To account for differences in baseline fairness and fitting difficulty between different datasets, we use min-max scaling per each metric of interest on the results of fitting each dataset so that performance on one dataset can be compared to performance on every other dataset.

Guidance

We isolated a few overall trends from our exploration. First, we find that using ensembles without mitigation does not improve fairness on average, but it does improve fairness stability. Conversely, using ensembles with mitigation typically decreases predictive performance, but it increases fairness stability and average fairness. Lastly, estimator-level mitigation produces better fairness results than ensemble-level mitigation at the cost of more time and memory used for fitting.

Beyond these trends, what constitutes “best” largely depends on the dataset and metric of interest. To that end, we constructed a guidance diagram to suggest to practitioners which approach(es) they should attempt based on their goals and setup.

Between the lines

To our knowledge, this is the first extensive piece of research that explores combining scikit-learn ensemble models with bias mitigators from AIF360. We also perform these experiments with a number of datasets (13) seldom seen elsewhere in the fairness literature, and we have distilled best practices and released our key components as an open-source package to encourage others to adopt and reproduce our work.

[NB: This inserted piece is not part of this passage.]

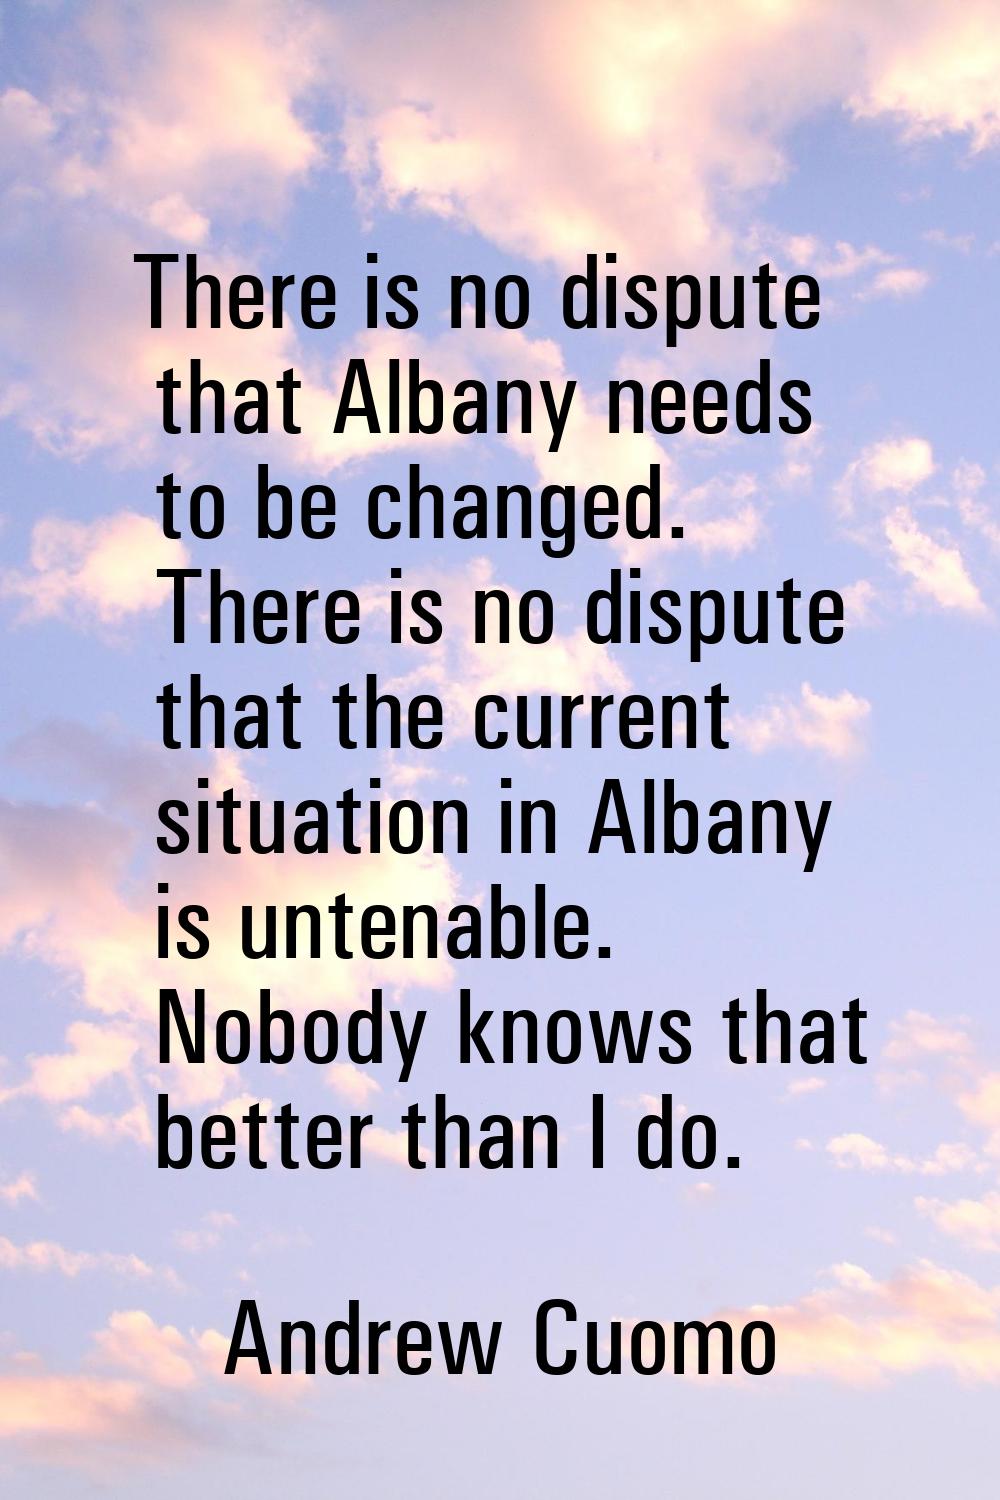 There is no dispute that Albany needs to be changed. There is no dispute that the current situation
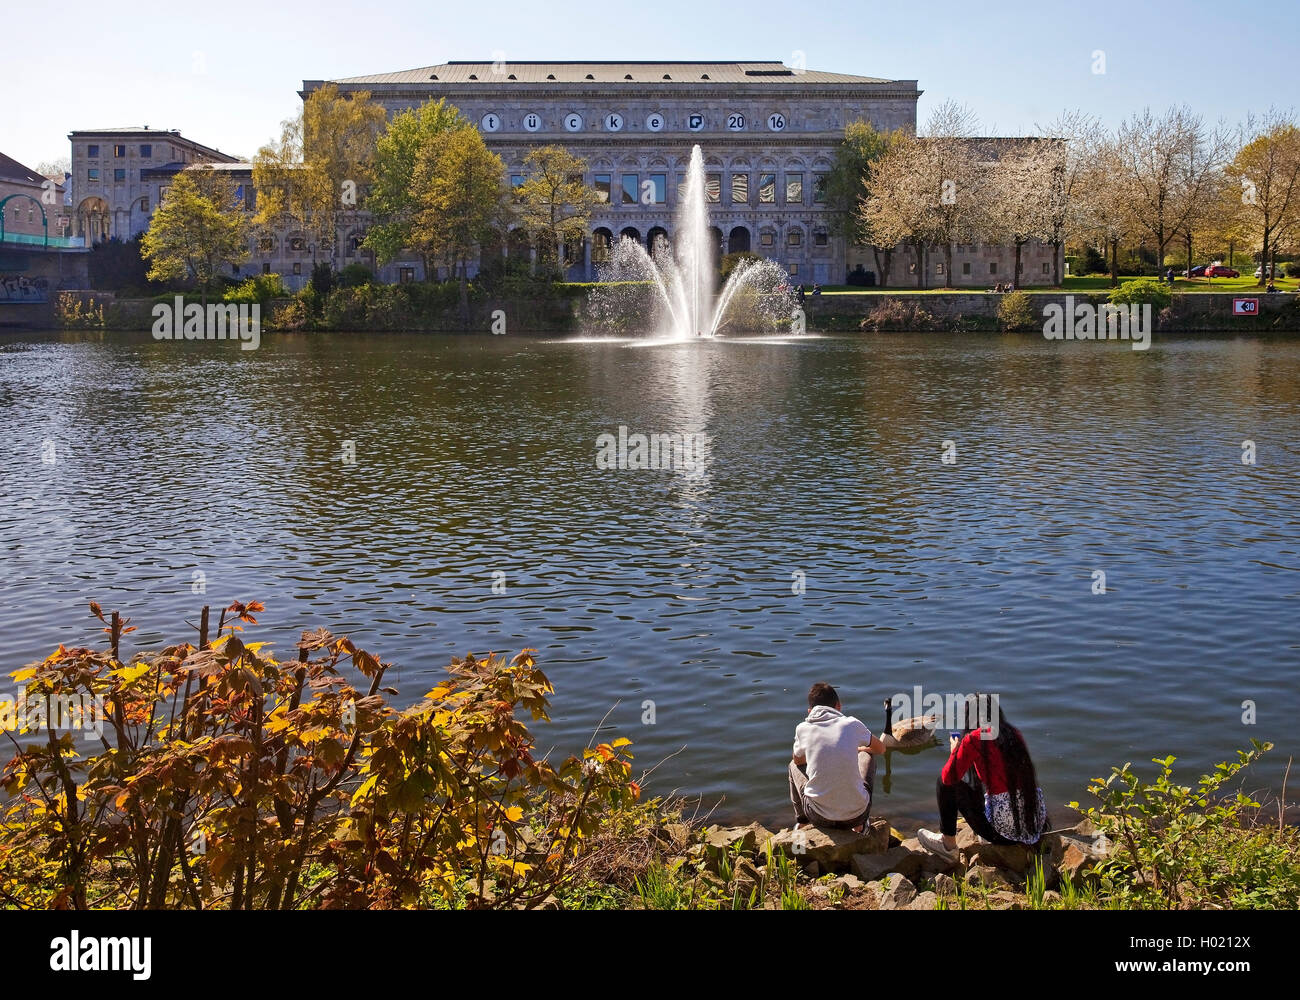 two teenagers at river Ruhr with municipal hall, Germany, North Rhine-Westphalia, Ruhr Area, Muelheim/Ruhr Stock Photo

However, there are more than a few aspects of our research that warrant further analysis. For instance, our datasets are relatively small, tabular, and limited to binary classification problems. Existing research (such as this work) has highlighted that the algorithmic fairness research community needs to grapple with bias in problems beyond tabular binary classification, such as image recognition or text translation. Additionally, our guidance diagram would benefit from more interactivity and generalizability. If we could develop more responsive guidance, it might be of greater benefit to practitioners.